Collected data
========
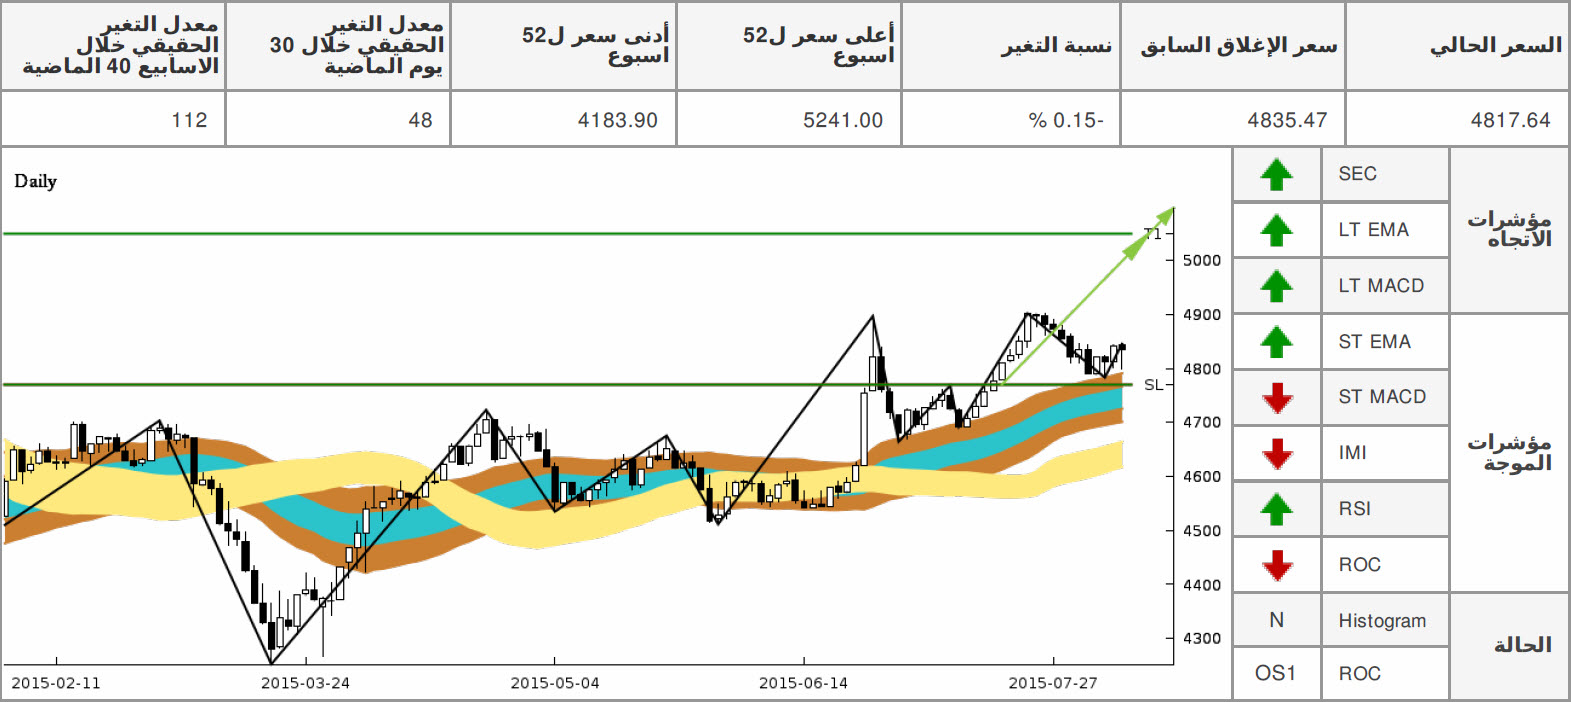 الرسم البياني لمؤشر أبوظبي المالي
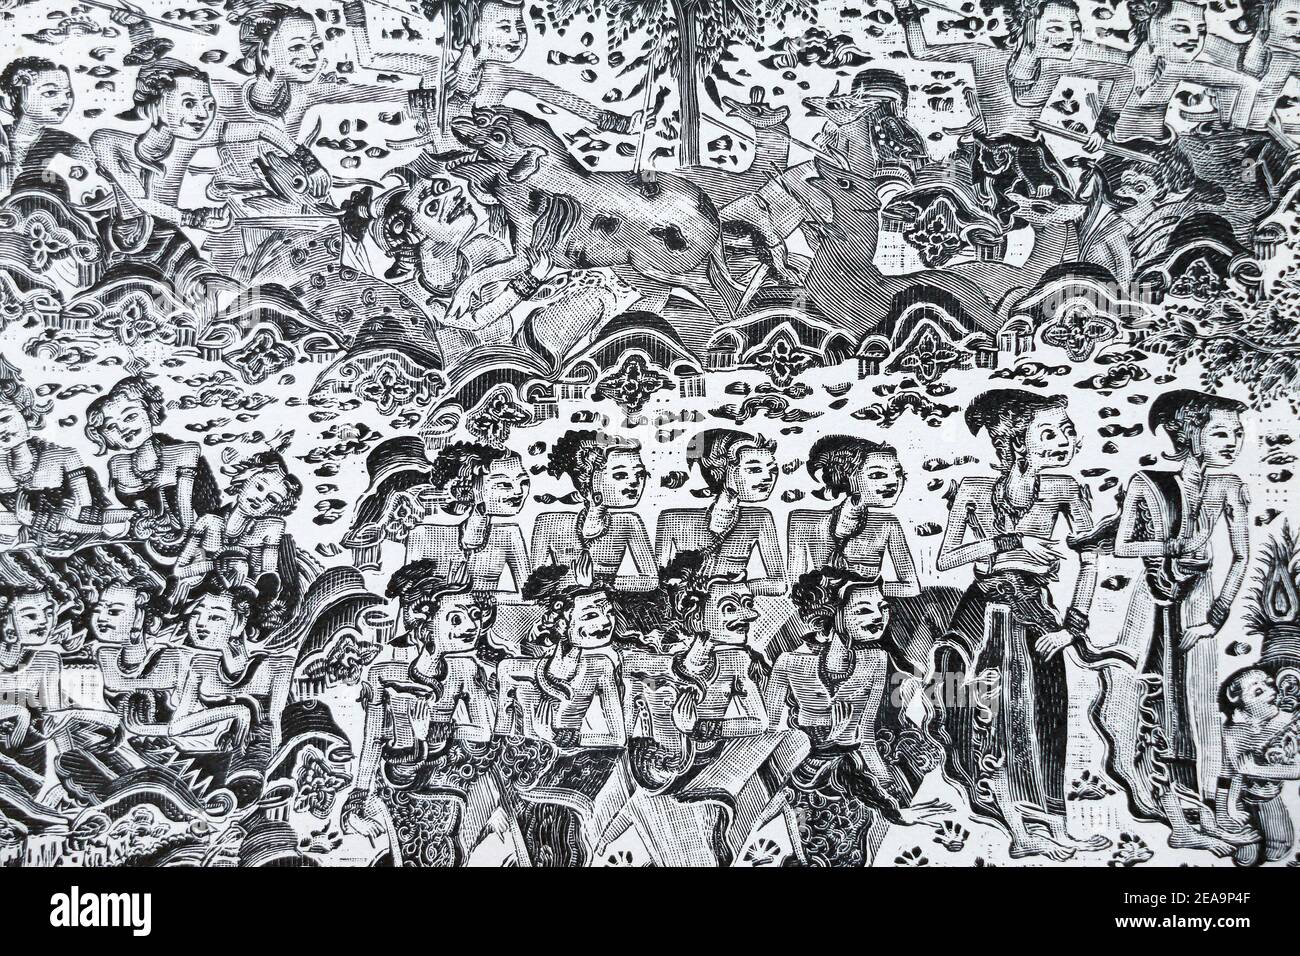 Images de la mythologie indienne du temple de Klungkung, dans le sud-est de Bali. Gravure du XIXe siècle. Banque D'Images
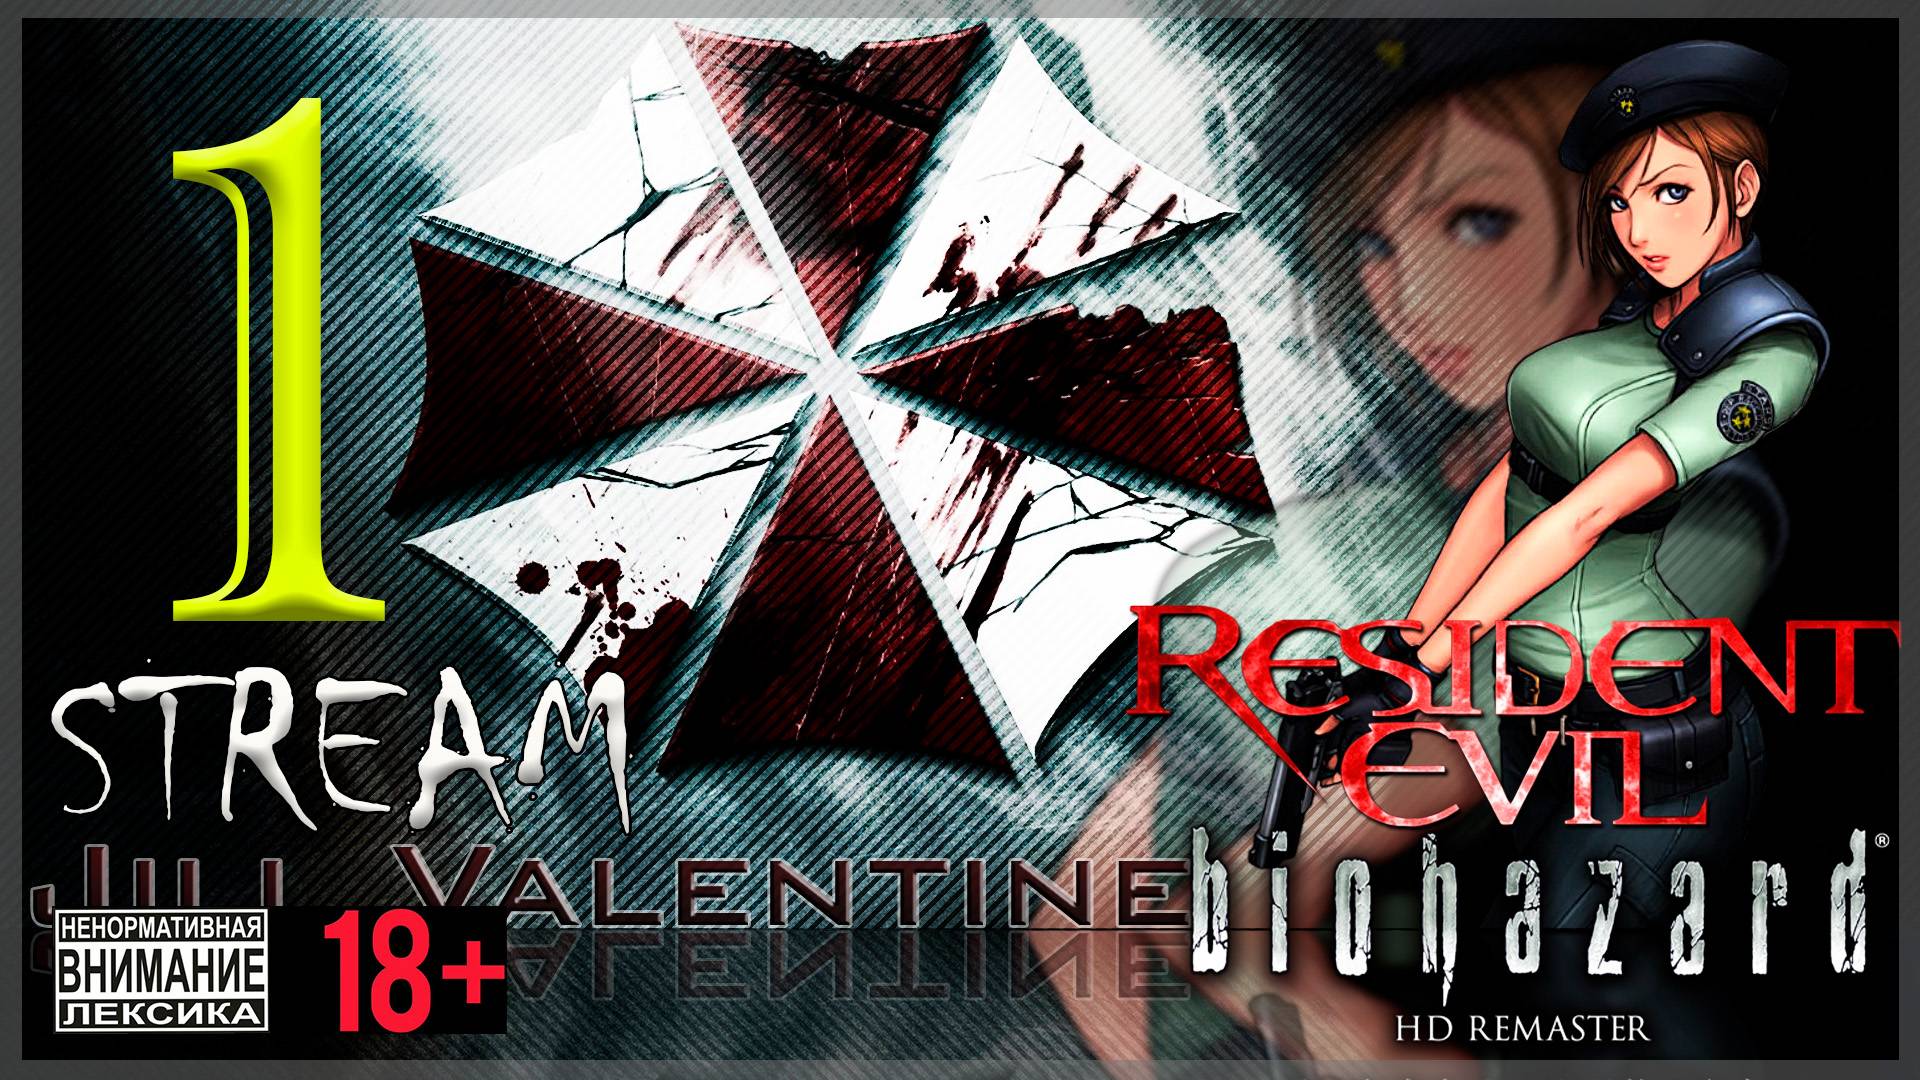 Первое прохождение Resident Evil - Biohazard HD REMASTER #1 Джилл
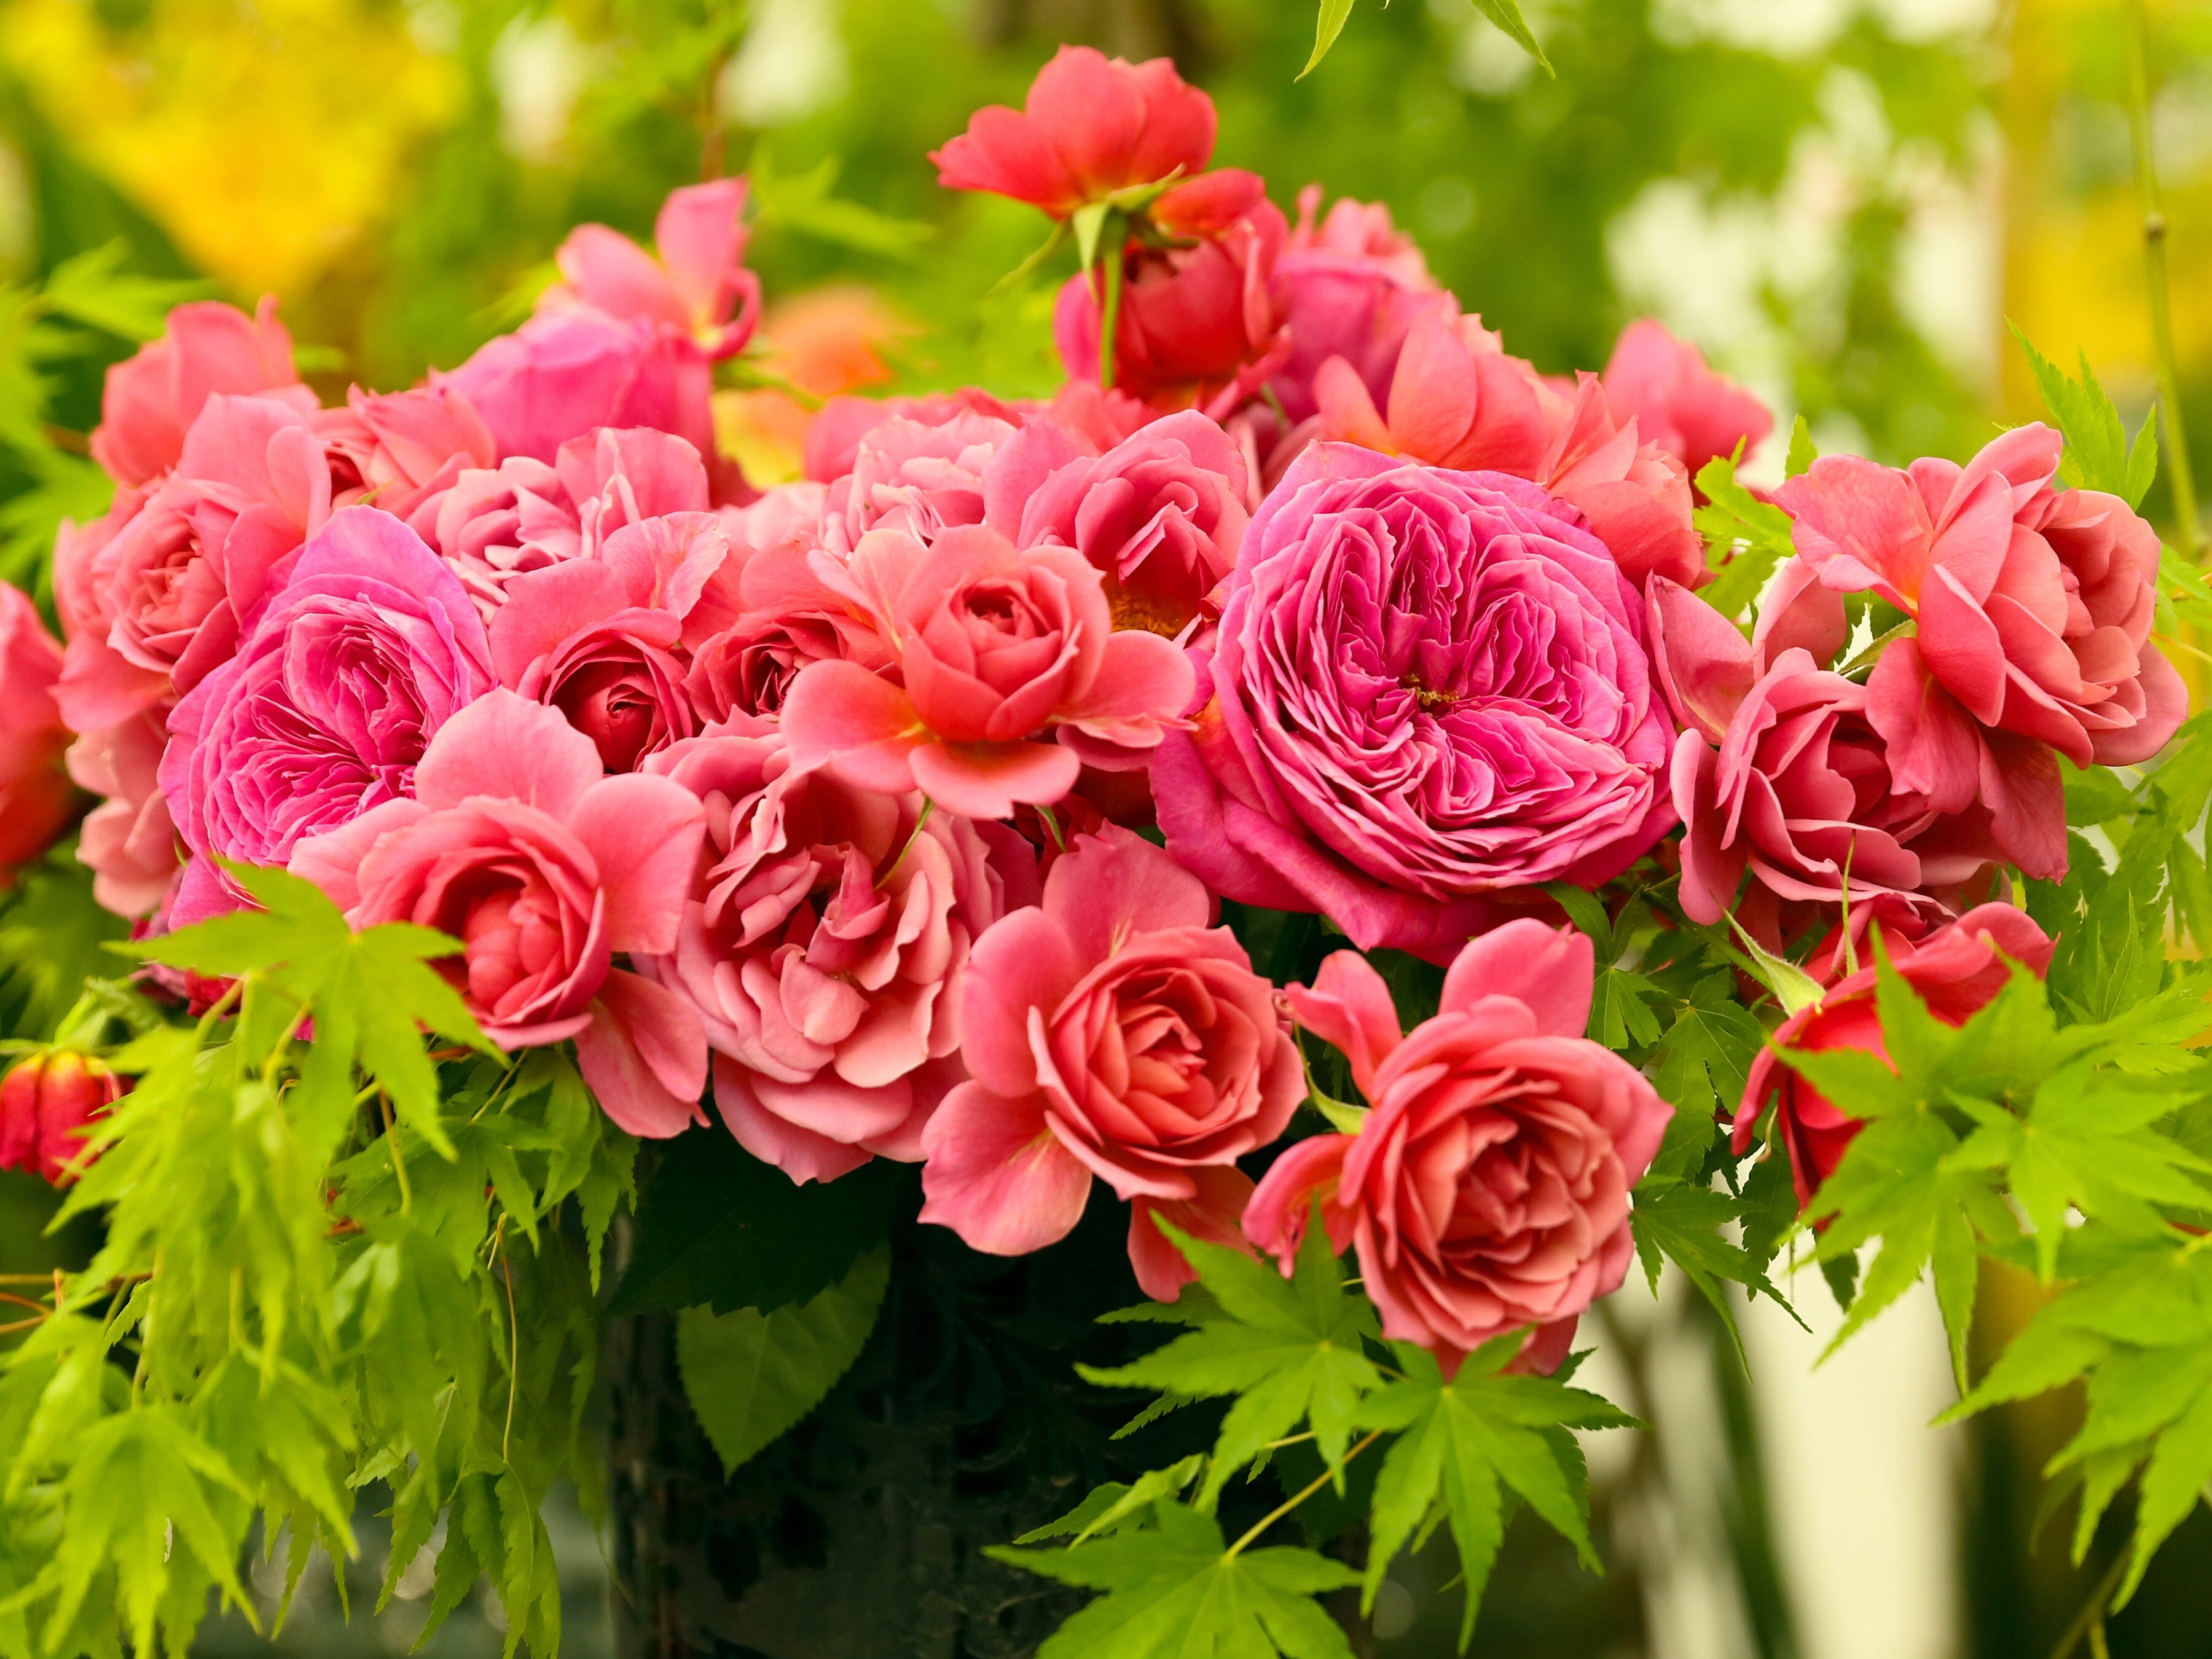 Скачать обои бесплатно Розовый, Цветы, Бутоны, Букет, Розы картинка на рабочий стол ПК
========
Problem statement
Reproduce the lines above exactly, please, but not the pictures in them.

Answer to the exercise
 الرسم البياني لمؤشر أبوظبي المالي
 Images de la mythologie indienne du temple de Klungkung, dans le sud-est de Bali. Gravure du XIXe siècle. Banque D'Images
 Первое прохождение Resident Evil - Biohazard HD REMASTER #1 Джилл
 Скачать обои бесплатно Розовый, Цветы, Бутоны, Букет, Розы картинка на рабочий стол ПК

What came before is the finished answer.